Aim of the task ->
Drop the images. Copy every line below character for character.

Given data ->
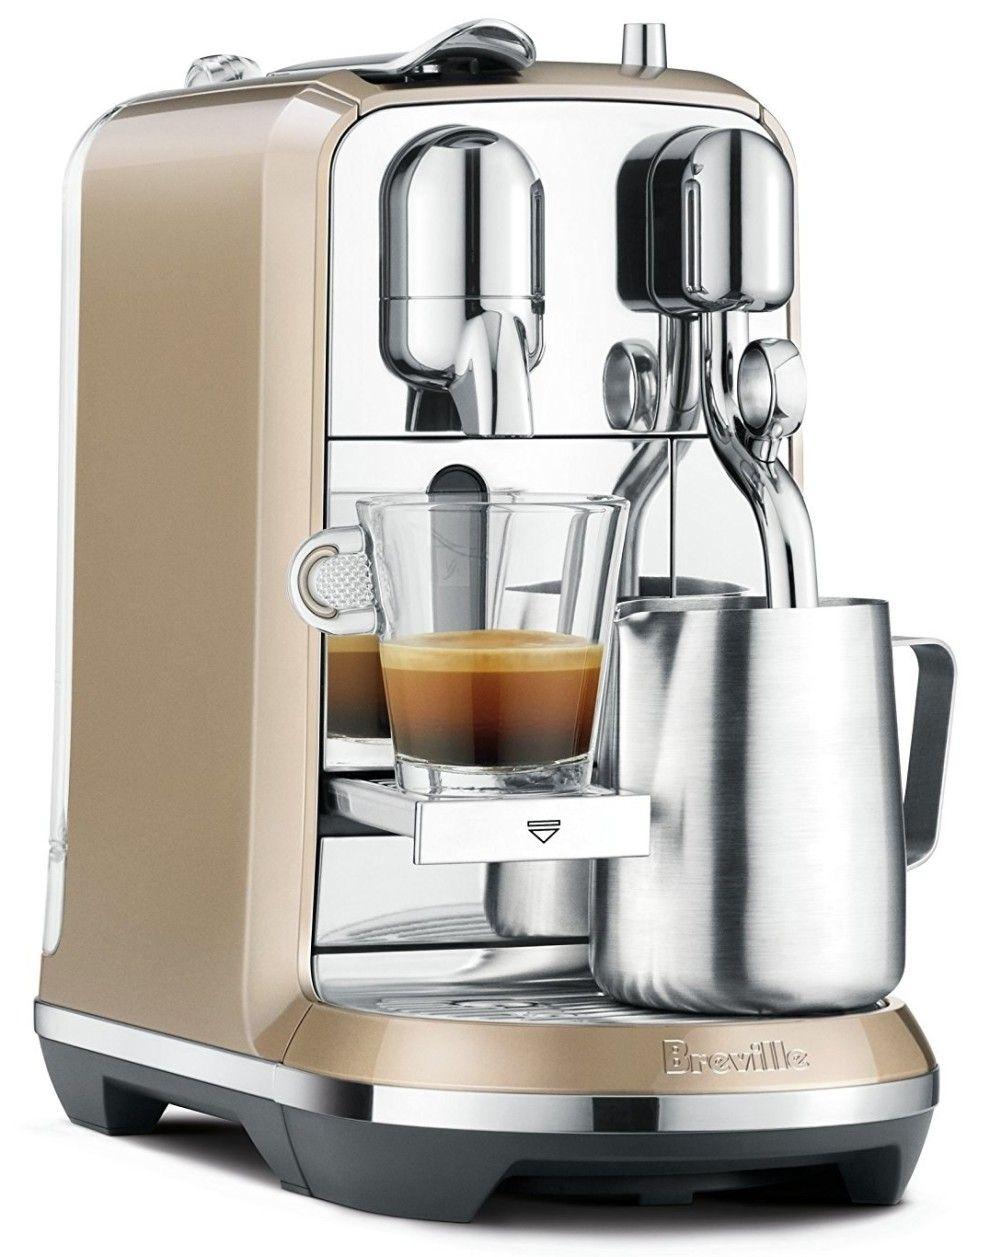 The Best Cyber Monday Deals On Amazon Nespresso Espresso Espresso Machine
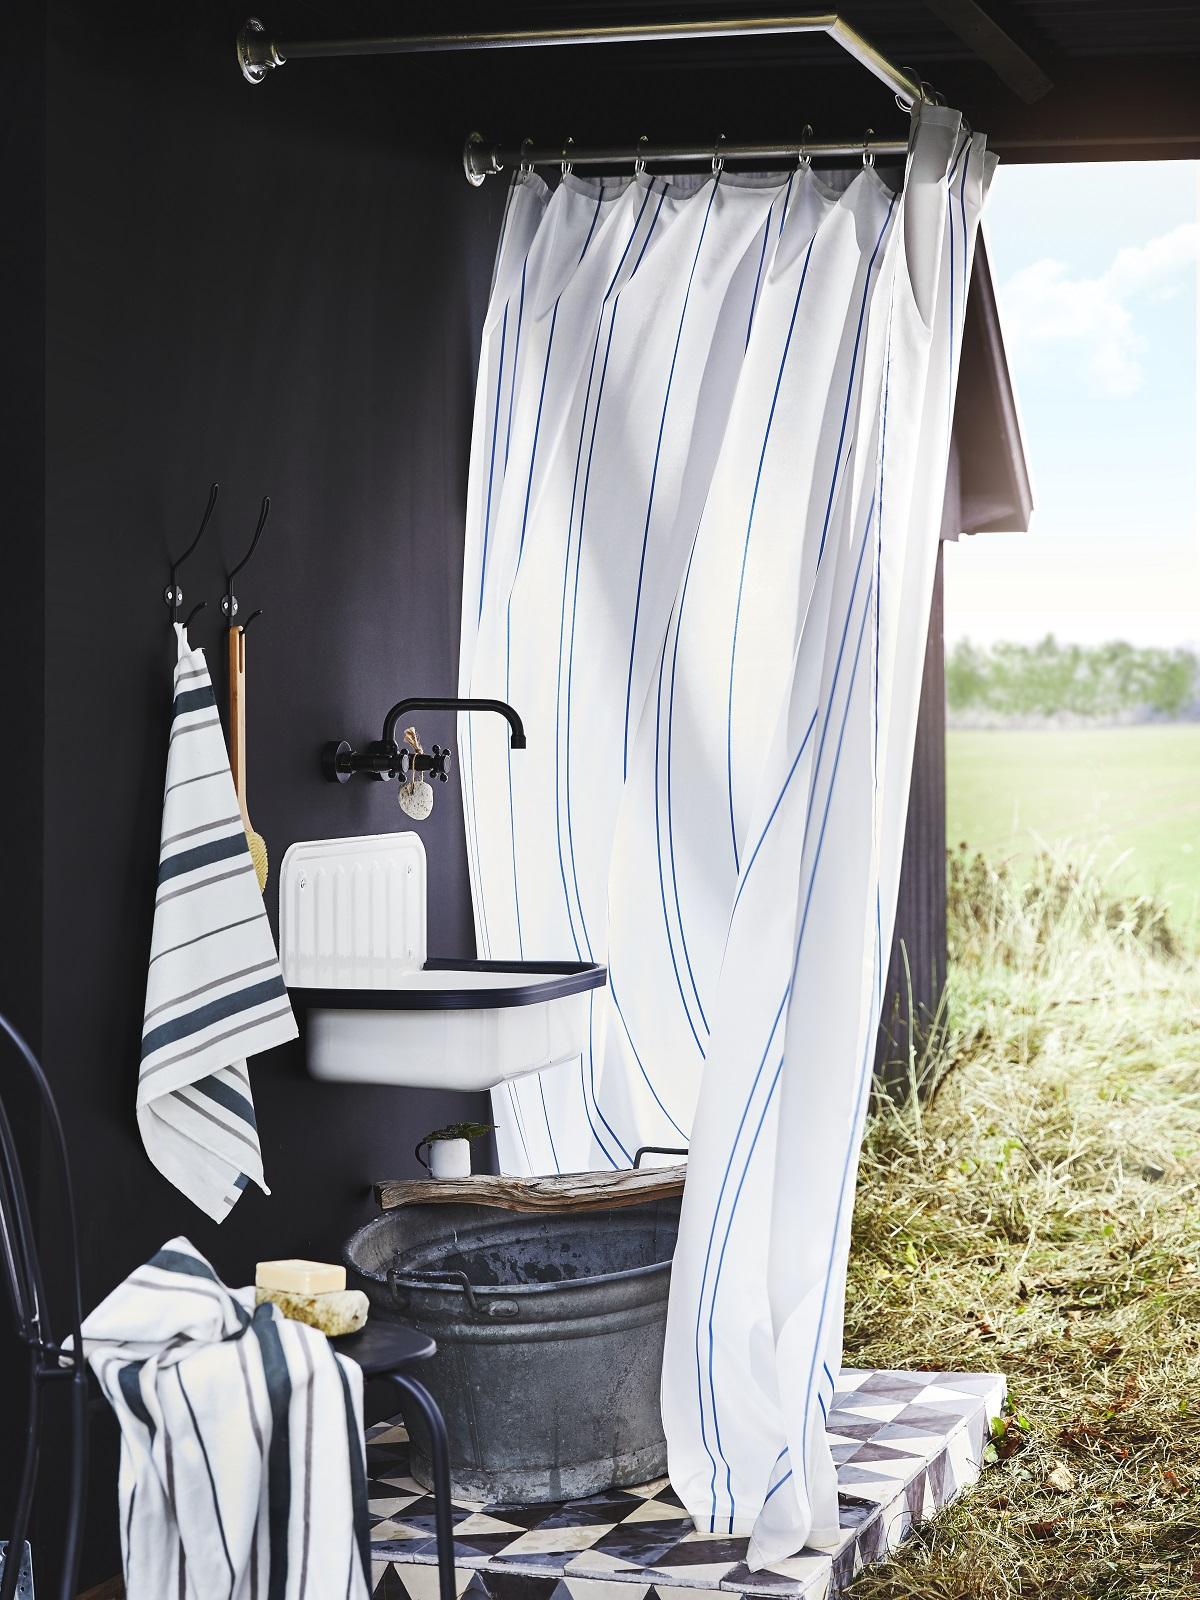 Ottsjön towel shower curtain (made from recylced PET bottles)
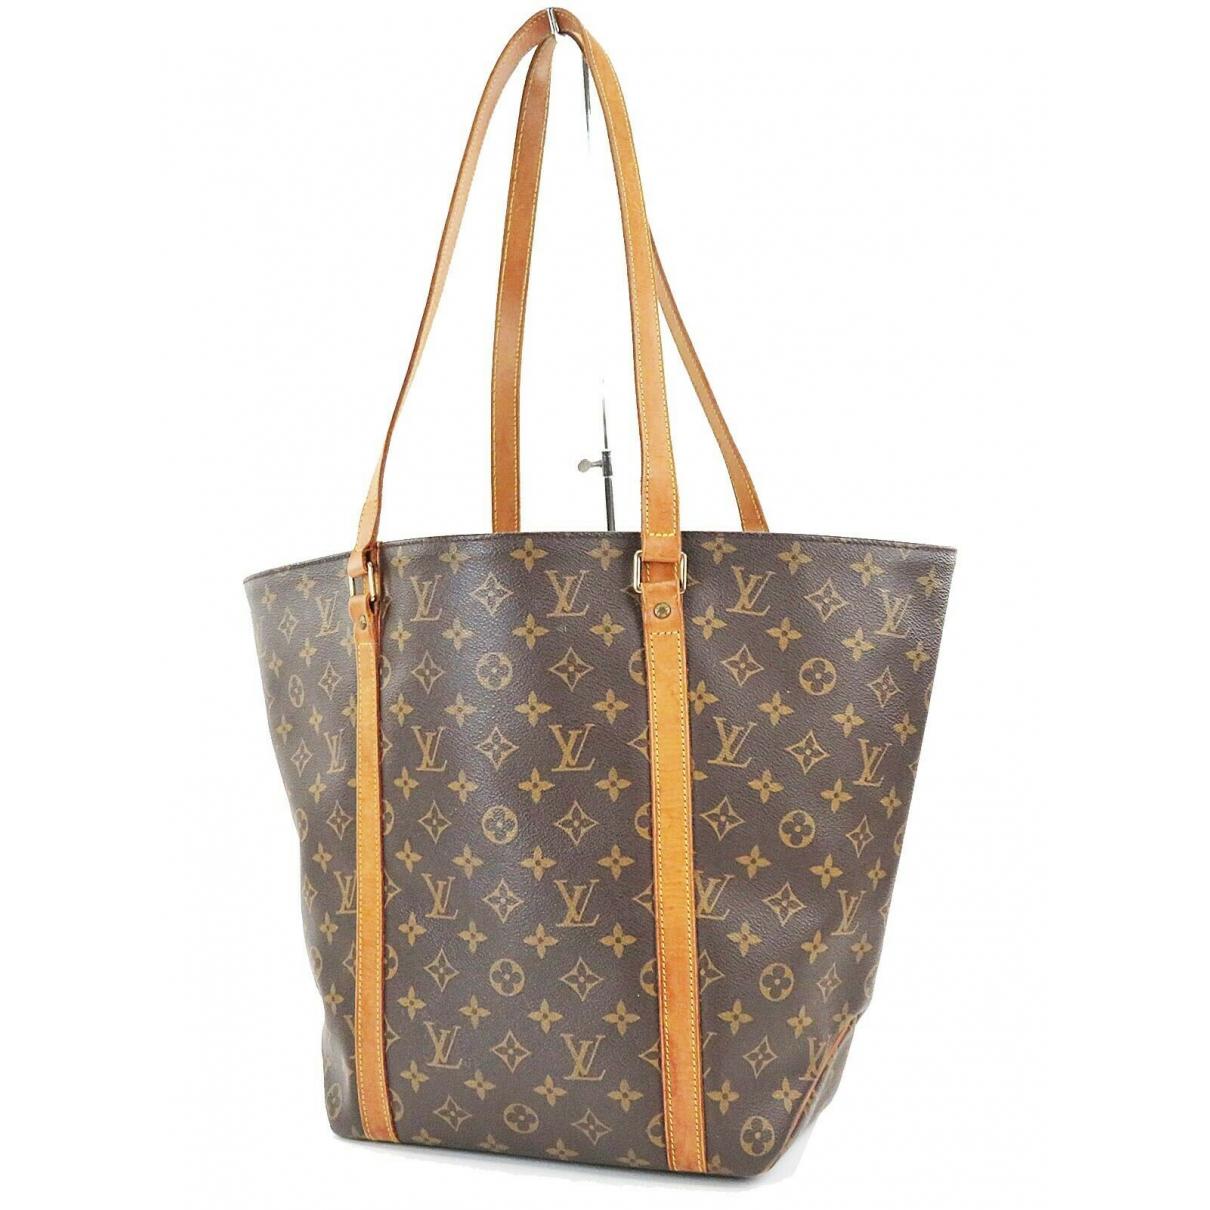 Louis Vuitton Shopping Handtasche in  Braun Leder
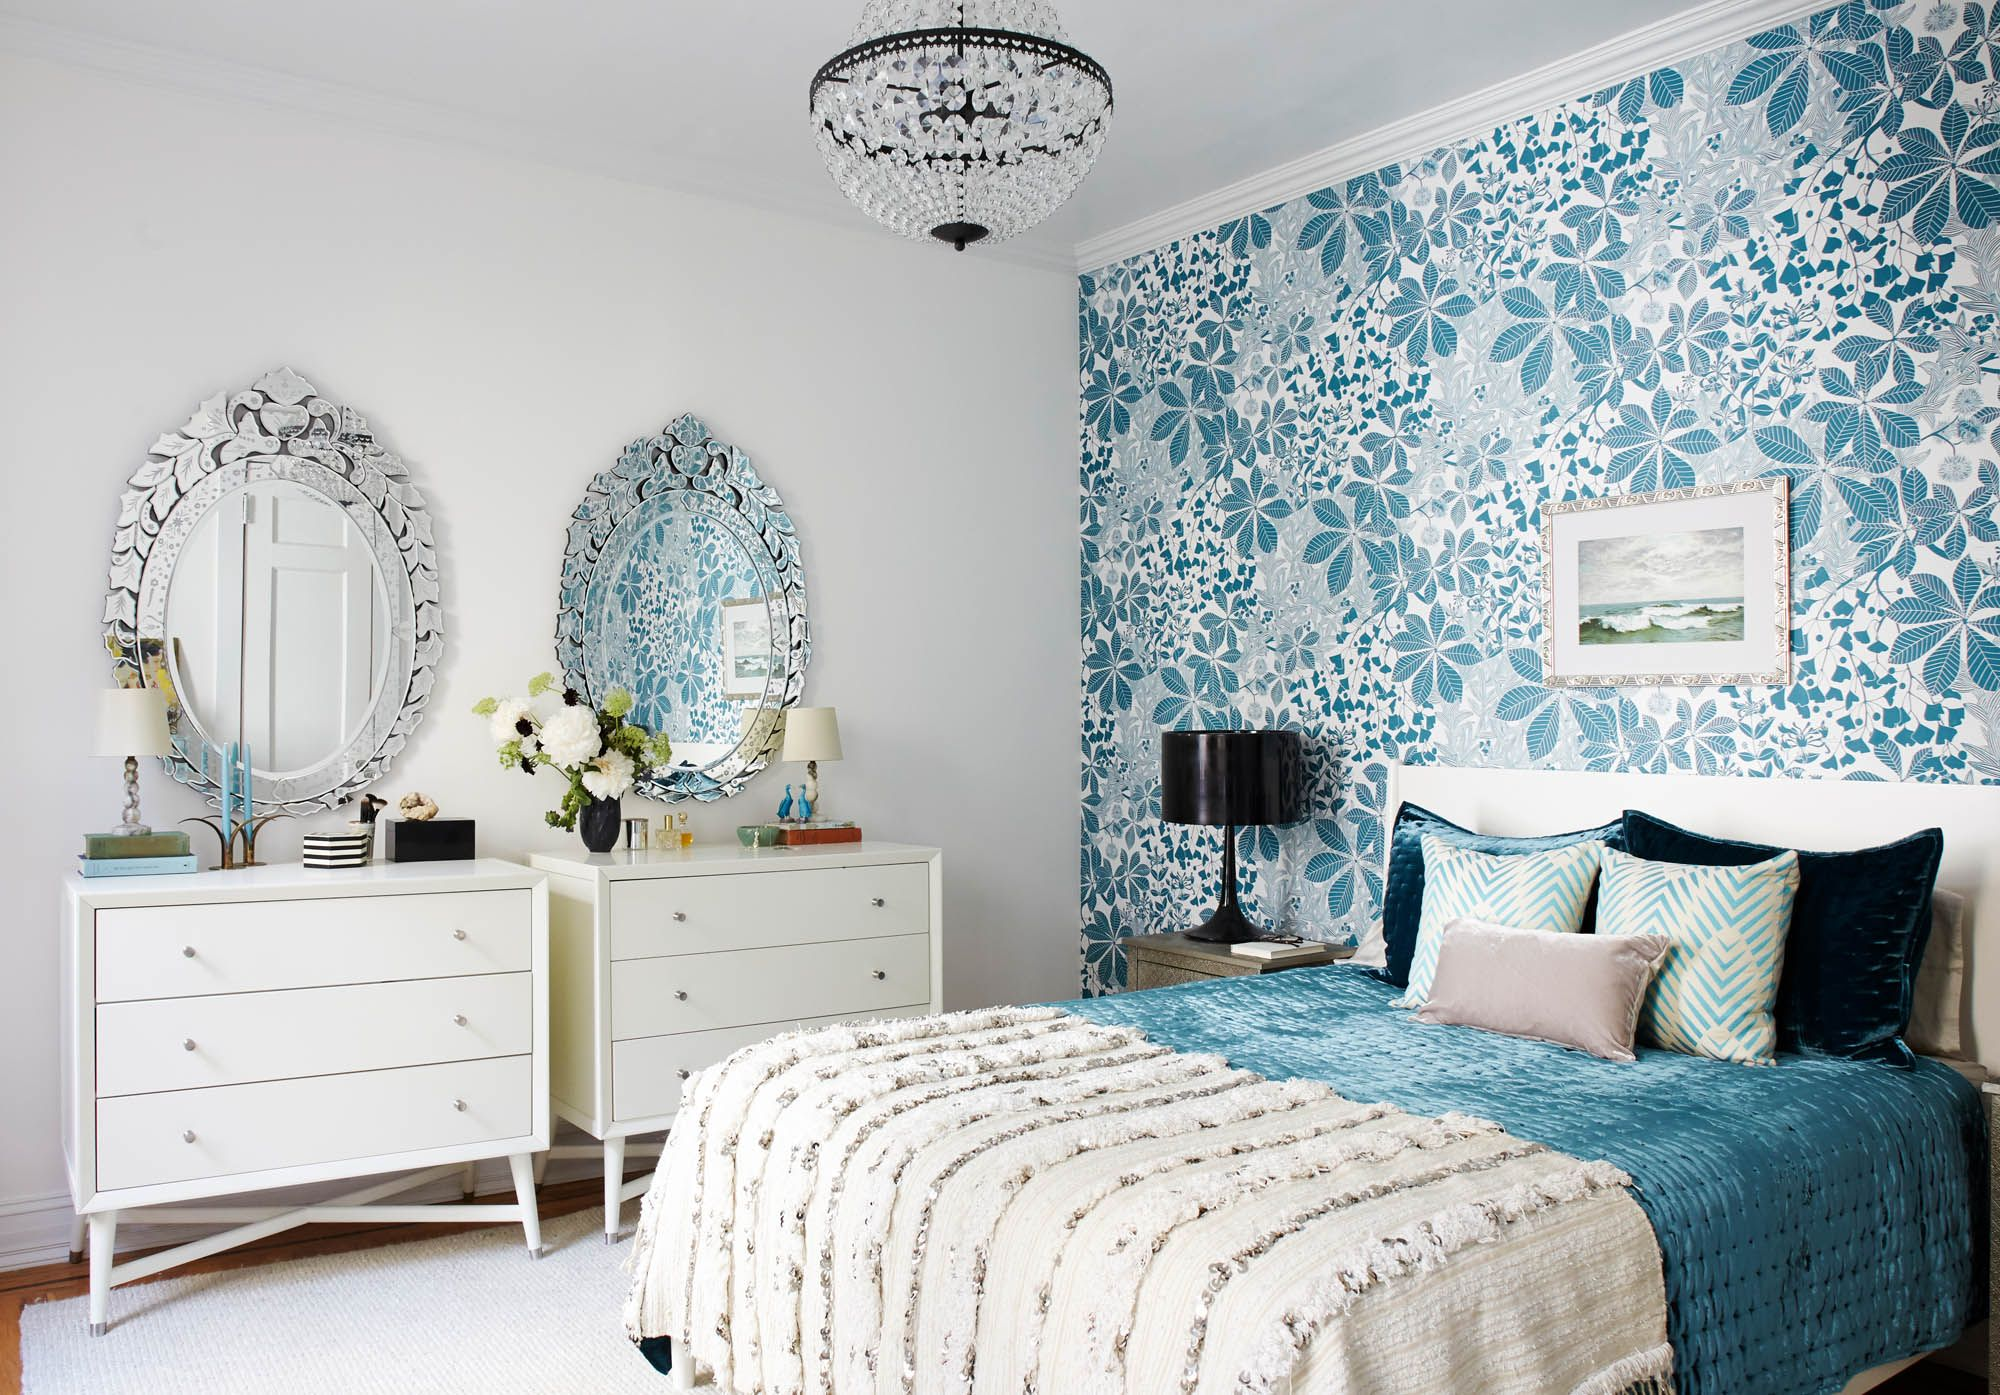 Vintage master bedroom decor  Pin by Krasimira Manolova on Home Decoration  Pinterest  Blue

Output of the task ->
 The Best Cyber Monday Deals On Amazon Nespresso Espresso Espresso Machine
 Ottsjön towel shower curtain (made from recylced PET bottles)
 Louis Vuitton Shopping Handtasche in  Braun Leder
 Vintage master bedroom decor  Pin by Krasimira Manolova on Home Decoration  Pinterest  Blue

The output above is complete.